Egypt's Petroleum Minister Tareq al-Molla announced on Monday an agreement with Iraq to import Basra crude oil for refining in Egypt, as part of a broader plan to increase bilateral petroleum-industry cooperation.
“The agreement on refining Basra crude oil comes within the terms of a previously-signed memorandum of understanding,” Molla told the state-run news agency MENA on Monday.
Last week, Molla indicated that Egypt's oil operations with Saudi Aramco have not been canceled, but will continue as planned.
He added that Egypt has its own oil-refining capabilities and can refine crude oil from Basra, exporting the products back to Iraq. He said that Egypt is seeking to buy crude oil, which means that the two nations can integrate their operations.
Such an arrangement would provide jobs for Egyptians and fulfill Iraq's needs, instead of purchasing from international market.
“This marks a start for cooperation with Iraq through striking agreements and then expanding into wider fields of cooperation,” he added.

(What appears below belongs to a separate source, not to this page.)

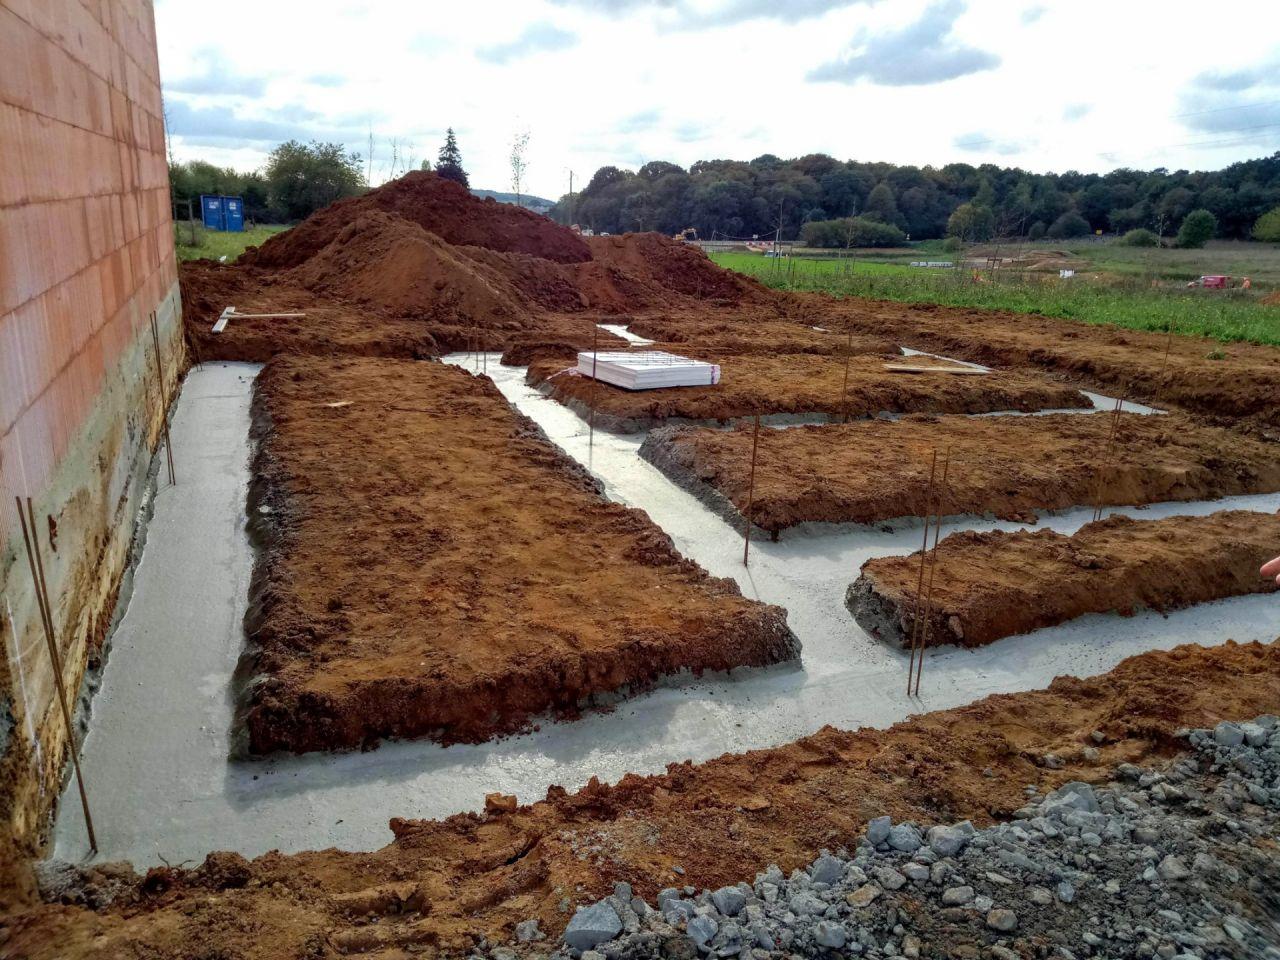 Cela démarre vite. Tout va bien pour le moment. Nous croisons les doigts car la construction d'une maison n'est pas toujours un long fleuve tranquille pour les futurs propriétaires.

Molla highlighted the need to establish joint Egyptian-Iraqi companies that can work continuously, rather than just at times of particular need.
Saudi Aramco previously announced that supplies of refined oil products to Egypt would be delayed in October.
Some had linked the delays to tensions between Egypt and Saudi Arabia over the conduct of the Syrian civil war, after Egypt supported a Russian ceasefire resolution at the UN Security Council.
While Egyptian officials have rejected any link between such diplomatic tensions and the alleged Saudi Aramco delays, Molla appears keen to assert that Egypt is able to meet its domestic needs by other means if necessary.
Government sources told Al-Masry Al-Youm last week that Egypt could meet its domestic needs by resorting to other markets if Saudi Aramco decided to halt supplies of oil products.